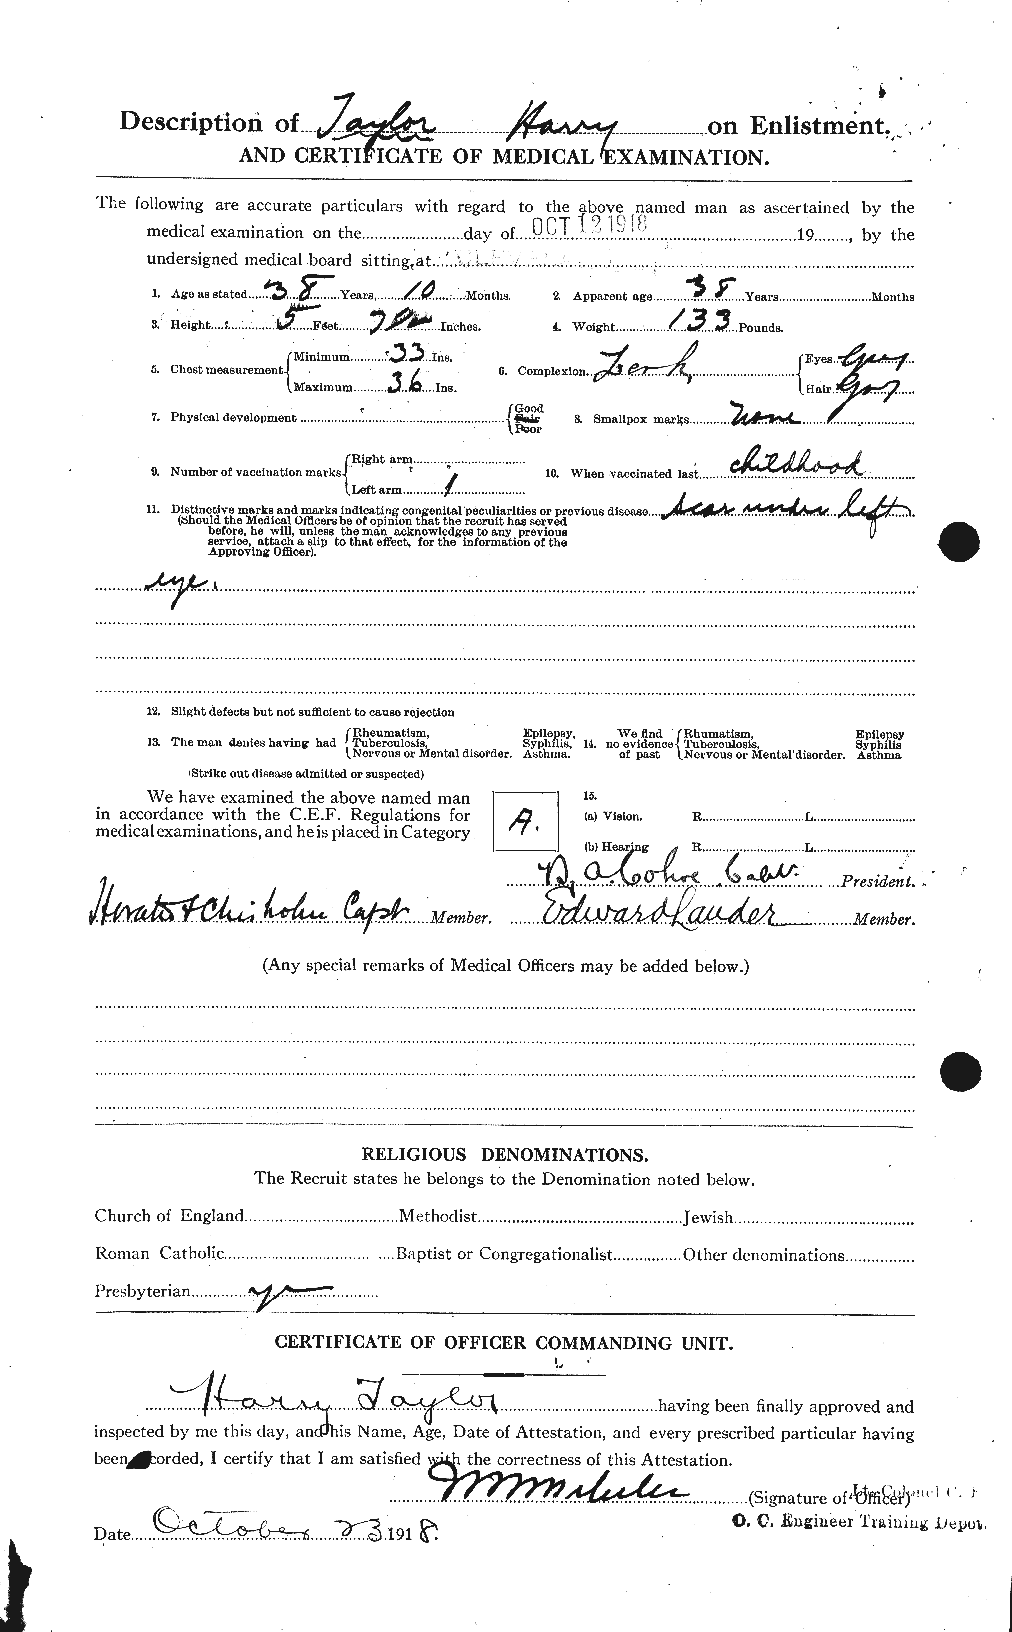 Dossiers du Personnel de la Première Guerre mondiale - CEC 626454b
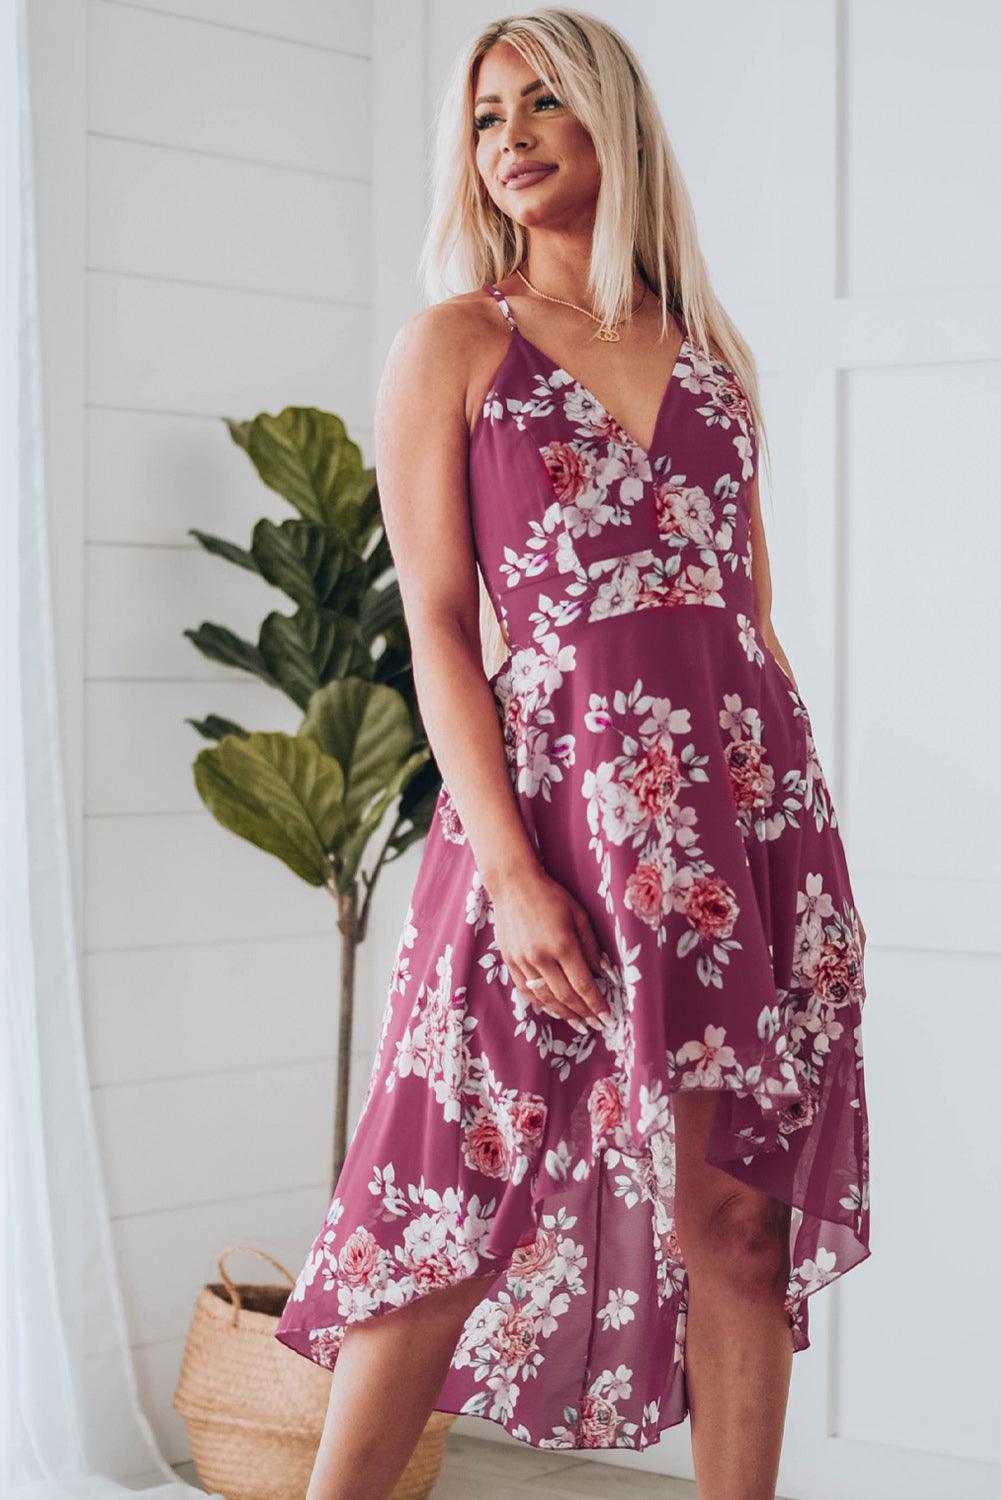 Floral Cutout High-Low Lace Back Dress - LaLa D&C
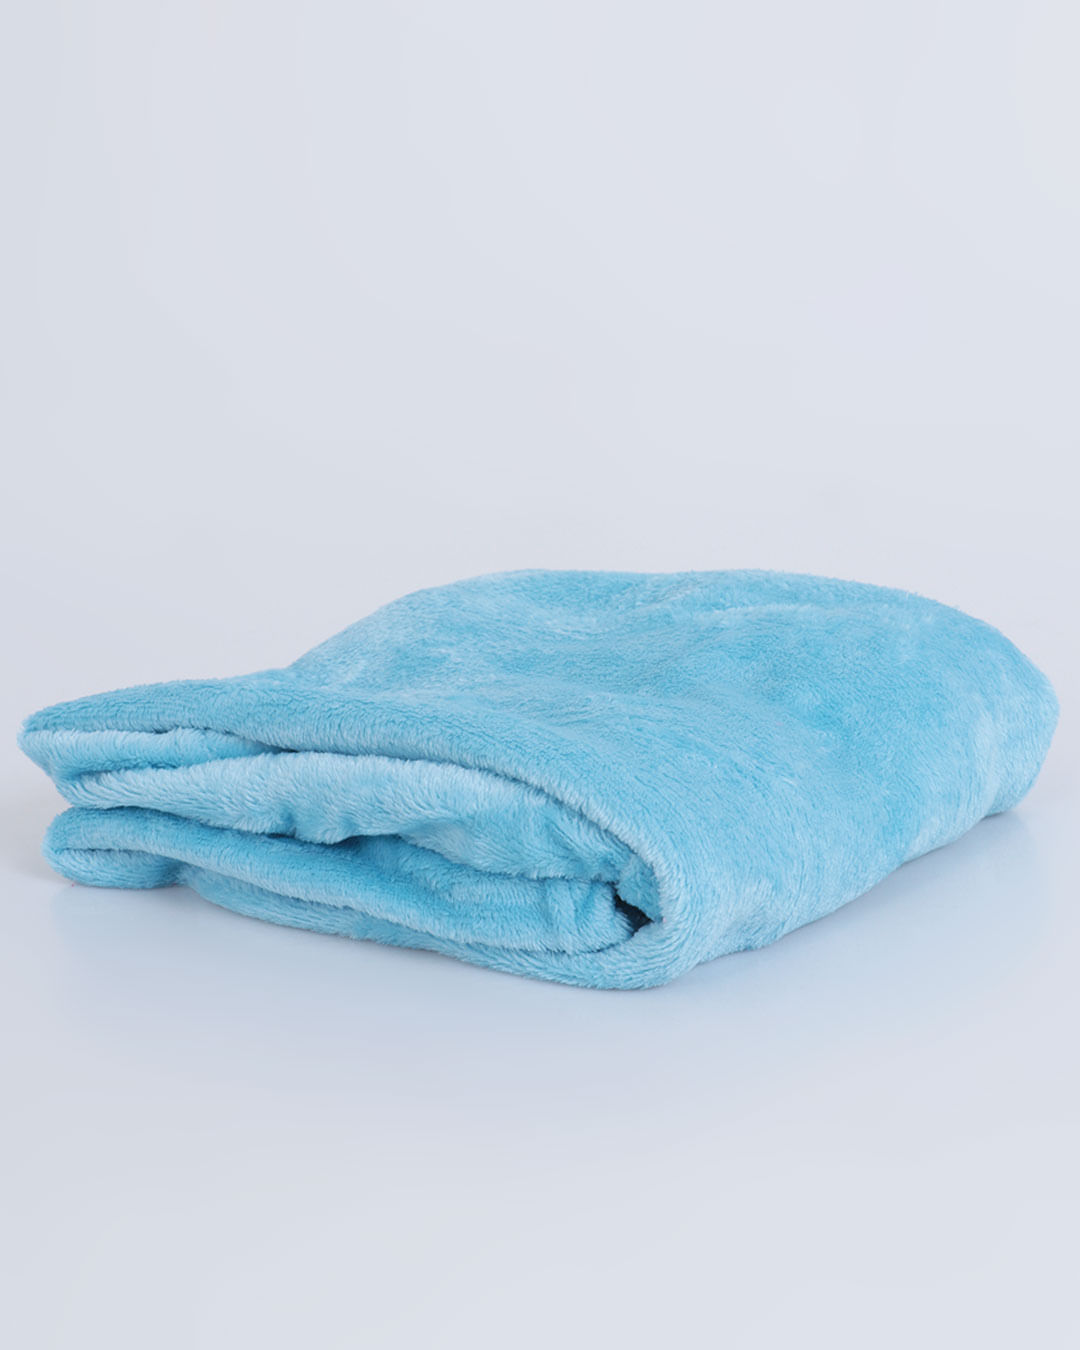 Cobertor-de-Bebe-Flannel-Lisa-Arte-e-Cazza-Azul-Claro
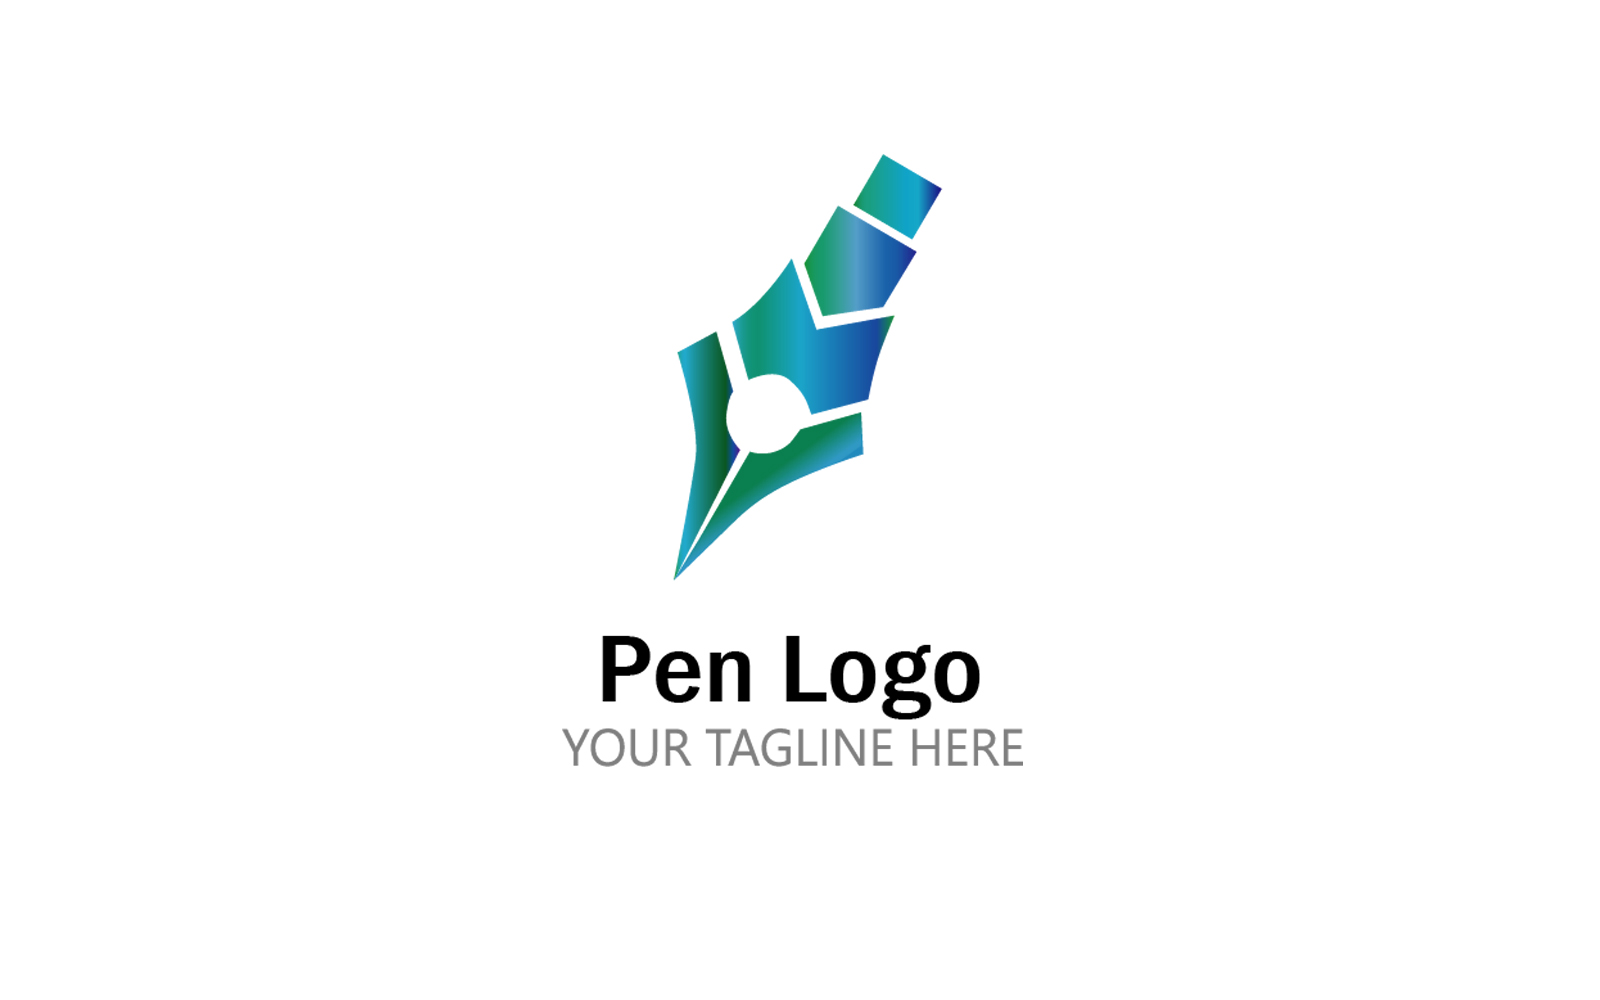 Academic & University - Online University Logo Maker

Required action: The material is to be reproduced verbatim, and no picture may appear in the copy.

Exercise output:
 Dossiers du Personnel de la Première Guerre mondiale - CEC 626454b
 Floral Cutout High-Low Lace Back Dress - LaLa D&C
 Cobertor-de-Bebe-Flannel-Lisa-Arte-e-Cazza-Azul-Claro
 Academic & University - Online University Logo Maker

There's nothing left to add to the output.